INFORMATION PROVIDED:
'''

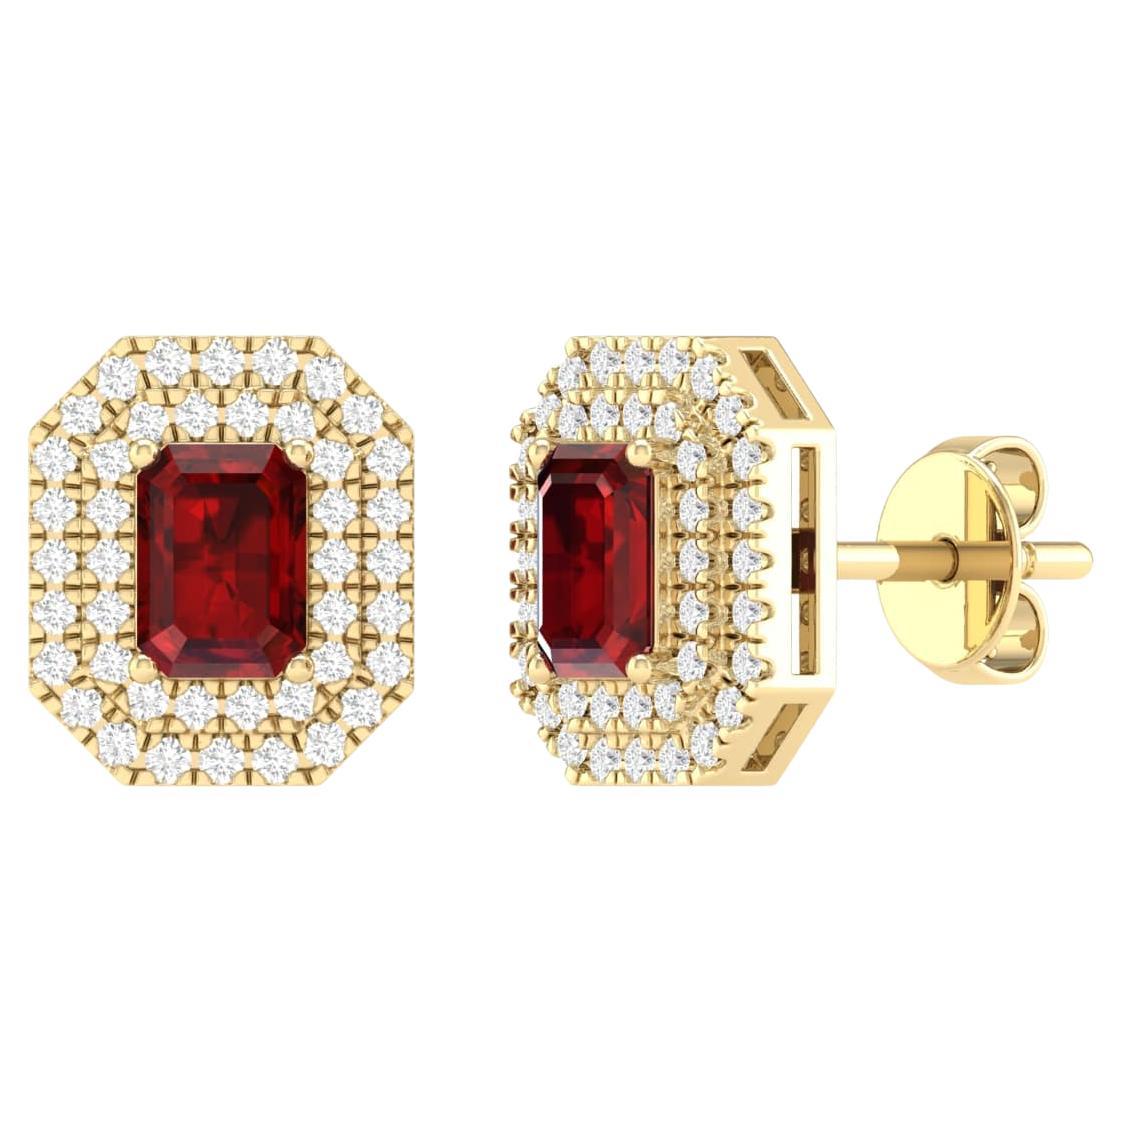 18 Karat Yellow Gold 1.26 Carat Ruby Solitaire Stud Earrings For Sale
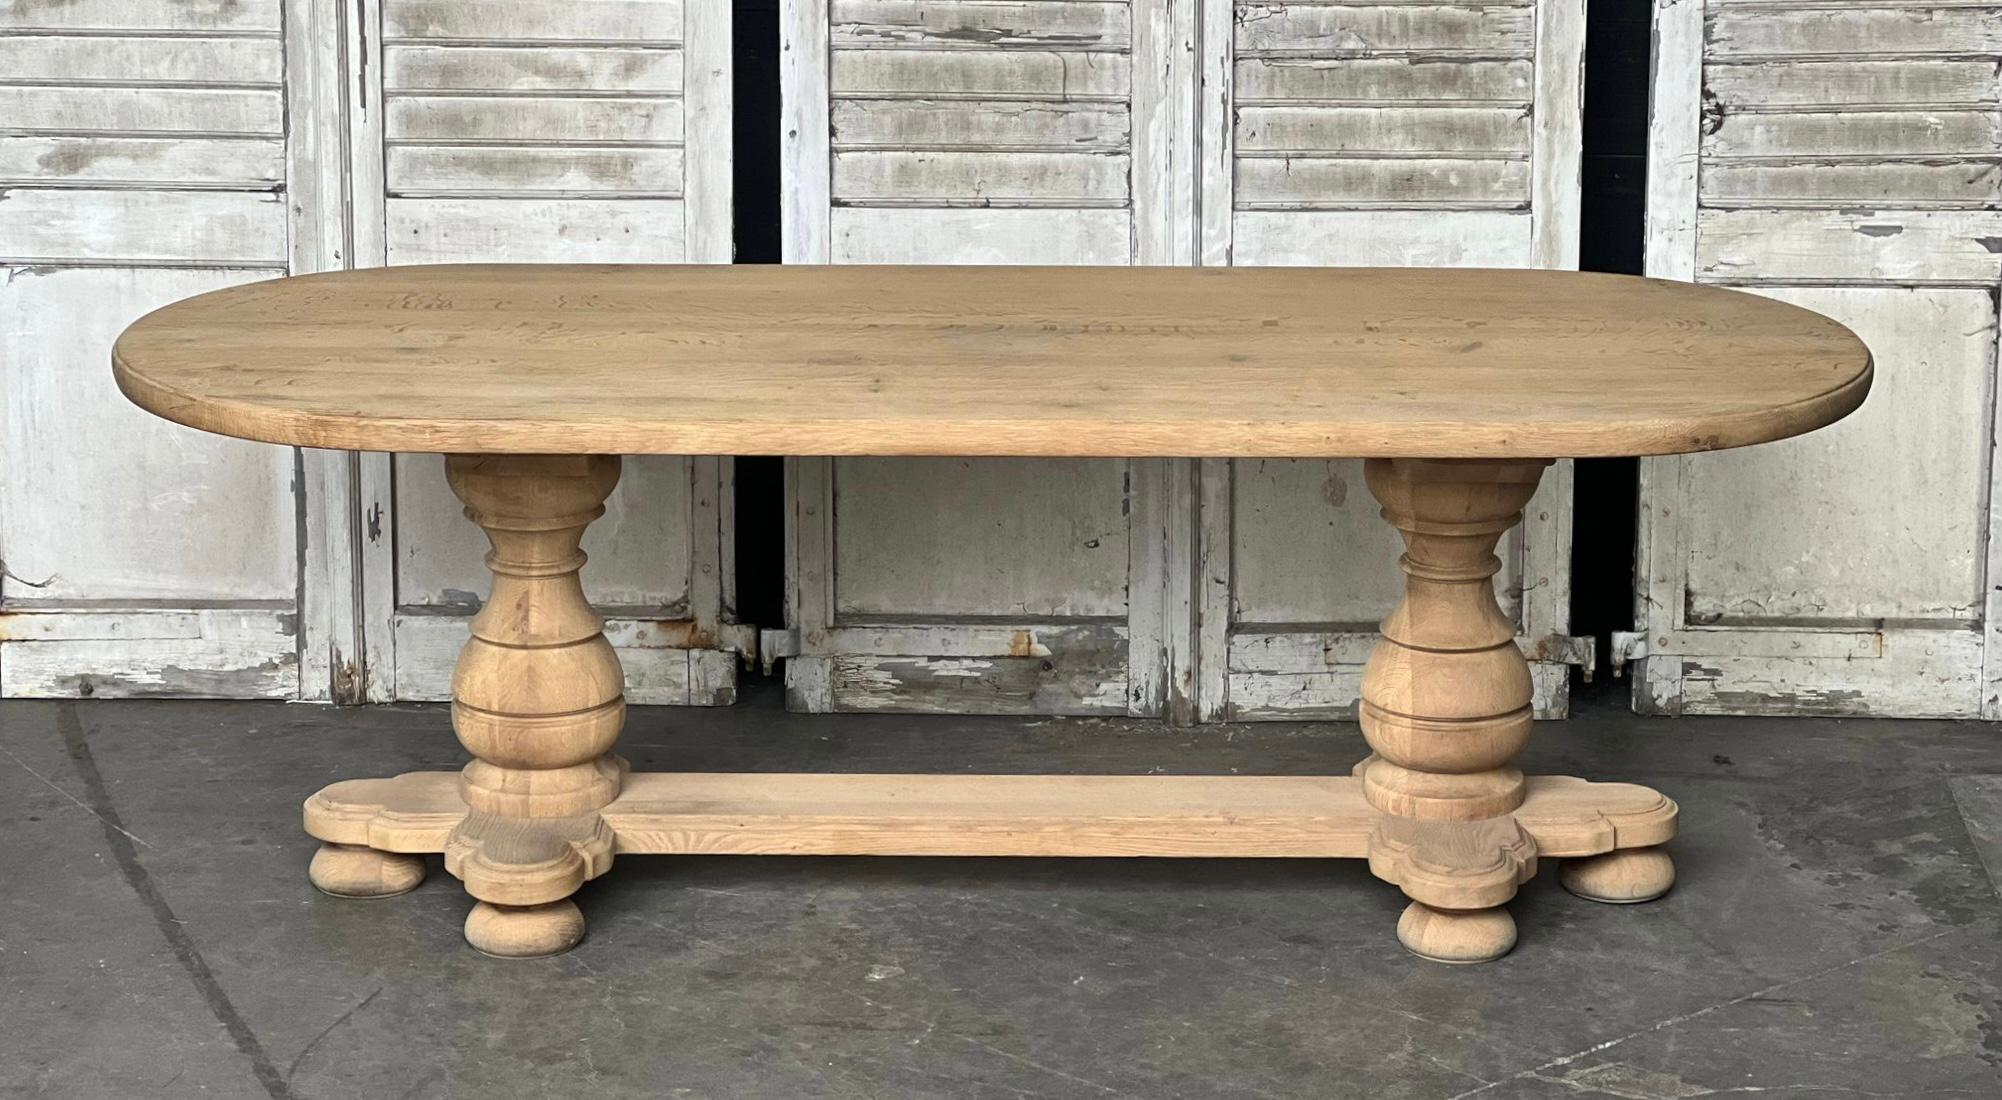 A wonderful shaped French Monastery Refectory dining table. Made from solid Oak and having a super ecclesiastical Base. An excellent quality table that will be around for generations to come. We have bleached it for a lighter look and in excellent
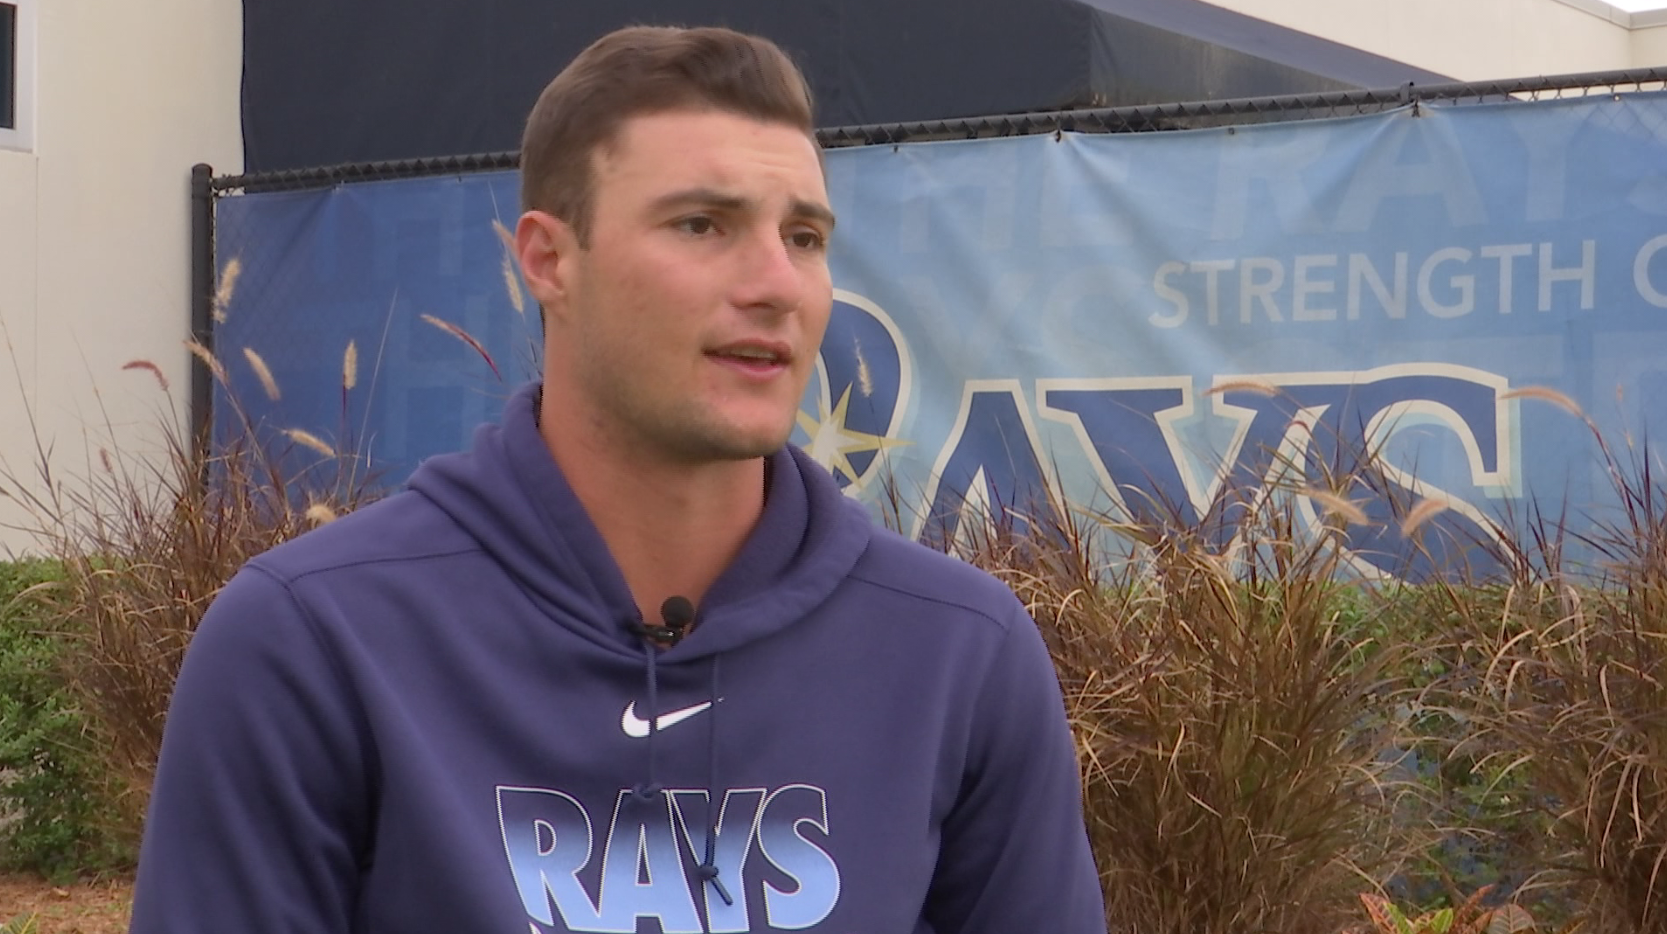 SWFL native comes from baseball bloodline, has chance with Tampa Bay Rays -  WINK News

'''

WHAT IS EXPECTED: Word for word, restate all of the material above except its pictures.

EXERCISE RESPONSE:
 18 Karat Yellow Gold 1.26 Carat Ruby Solitaire Stud Earrings For Sale
 A wonderful shaped French Monastery Refectory dining table. Made from solid Oak and having a super ecclesiastical Base. An excellent quality table that will be around for generations to come. We have bleached it for a lighter look and in excellent
 SWFL native comes from baseball bloodline, has chance with Tampa Bay Rays -  WINK News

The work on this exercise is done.